Пальцы рук Решкова сплелись в дергающийся конвульсиями клубок.

— Это невозможно, Леонид Николаевич, — пытаясь успокоить своего друга, произнес Кулибин. — Это… Разве может быть такое? Нет. Просто потому нет, что всякий живой смотрит на жизнь по-своему, видит страшное и смешное, правдивое и насквозь лживое. Человек, пока он человек, не допустит, чтобы подобное сбылось. Против этого всем своим существом восстанет живой человек. Это только мертвым всё равно: глаза их потухли. А живой человек..

— Живой человек? Моль сотворит величайшее чудо: создаст нового человека, но с глазами невидящими! — крикнул Решков и сорвавшись с места, исчез в спальной.

«Опять шприц», — вздохнул Кулибин и совсем просто подумал о том, как покорно несчастен Решков, неизвестно зачем возвращающийся в эту уютную и с таким вкусом обставленную квартиру.
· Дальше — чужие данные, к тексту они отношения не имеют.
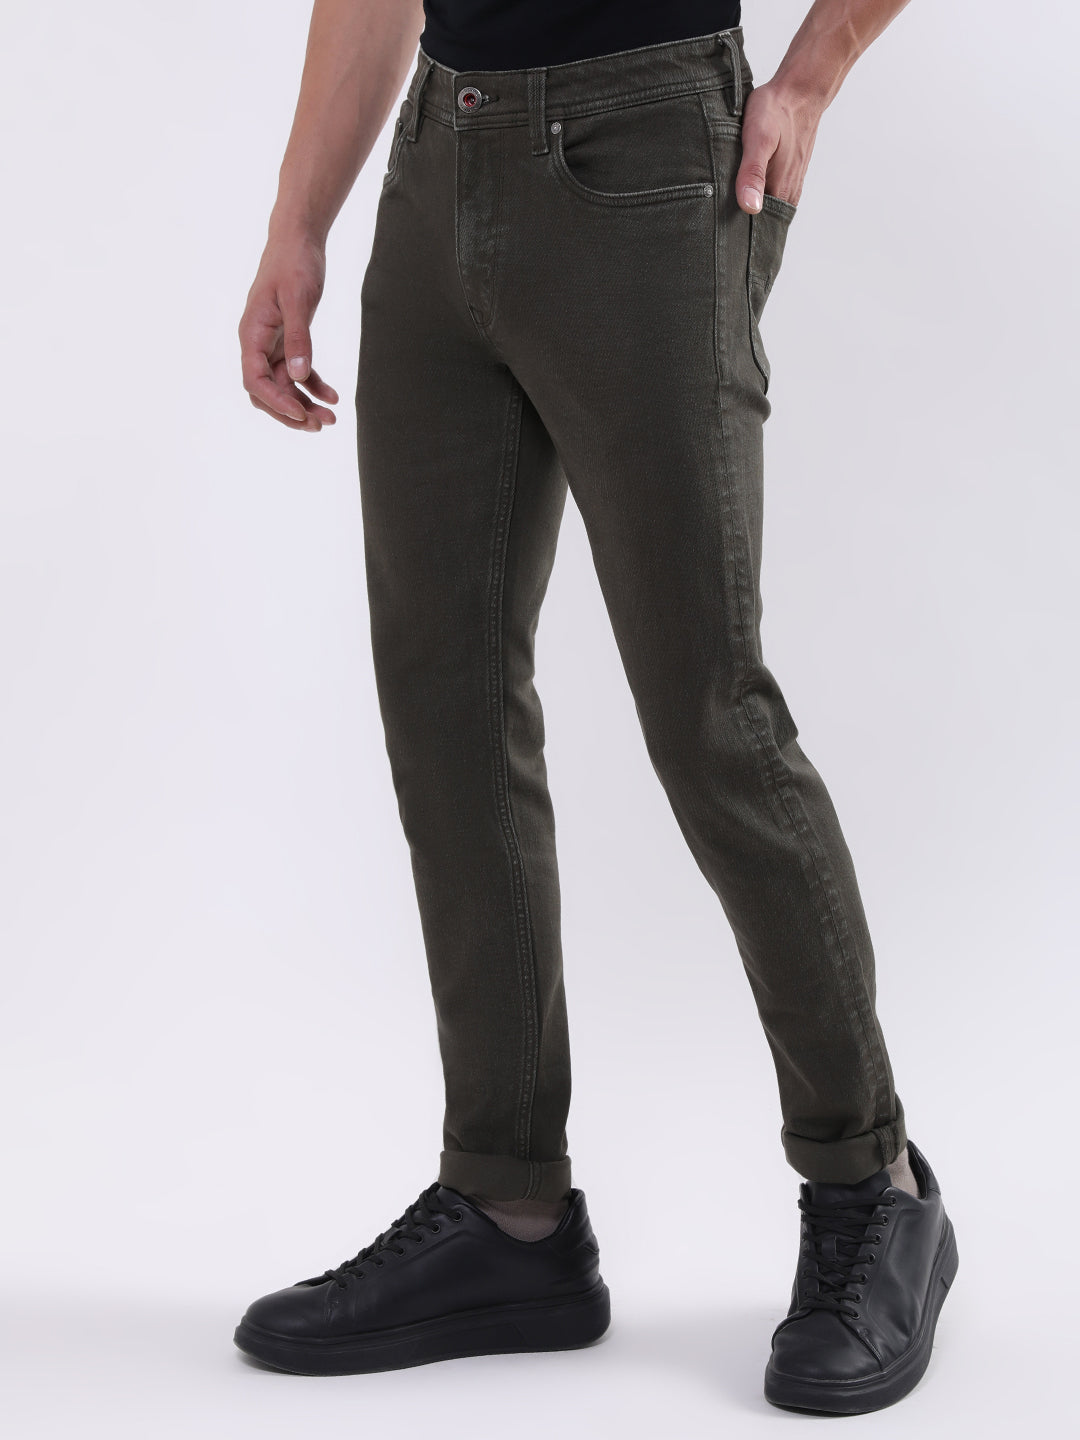 Ultrasoft Slim Yonk Fit Olive Green Jeans - Jeunet

— Что? — спросил вернувшийся Решков, и словно разгадав недавние мысли Кулибина, добавил: — Всё очень странно. Вот перед вами книжные шкафы с собранием умных книг, а где-то люди мыкаются неприкаянными, отвыкают от свободы, кочуют из общежития в общежитие… В детских приютах заливаются слезами подкидыши, которые так и не узнают, которые из строителей нового мира — их отцы… А знаете что, Владимир Борисович? Мне кажется, что человек всё-таки перешагнет сегодня, и понесет дальше свою вечную радость, найдет землю, по которой можно ходить без спроса, дом, а не общежитие, семью с матерью, около которой будет возиться дитя, не приписанное к пионерскому отряду. Без этого — суета и бессмыслица. А что в этой суете и бессмыслице и я повинен, скажите об этом в вашей книге, и объясните меня самого. Если сможете.

Нечего удивляться, что Кулибина не покидало тихое сожаление о незадавшейся жизни Решкова, а у Решкова сложилось убеждение, что глаза Кулибина, этого стареющего и доброго человека, способны проникать в чужую душу и разгадывать прячущиеся в ней самые сокровенные движения.

Решкову даже казалось, что Кулибин способен предугадывать и то, чему надлежит случиться. Во всяком случае, Решков хотел верить, что старик, в конце концов, напишет книгу, и объяснит в ней, как и почему он, Решков Леонид Николаевич, придет к своему последнему, трагическому акту.

Всё это случится не скоро, когда-то. Но произойдет обязательно. Спасения нет.

Задумываясь над этим, он иногда вспоминал попавшую в подвал Лубянки «пророчицу», сумасшедшую седую женщину, истерически выкрикивавшую свои предсказания перед собравшимися на Смоленском рынке толпами. Пророчества эти подхватывались народом, разносились по Москве, повторялись в поездах, уходивших к северу и югу.

«Пророчица» — по ее словам — видела не только то, что творится сейчас, но и то, что произойдет потом, позже, через много лет, когда уже сгниёт Ленин.

«Расстрелять», — был приговор «тройки».

Перед расстрелом, Решков приказал доставить «пророчицу» к себе в кабинет.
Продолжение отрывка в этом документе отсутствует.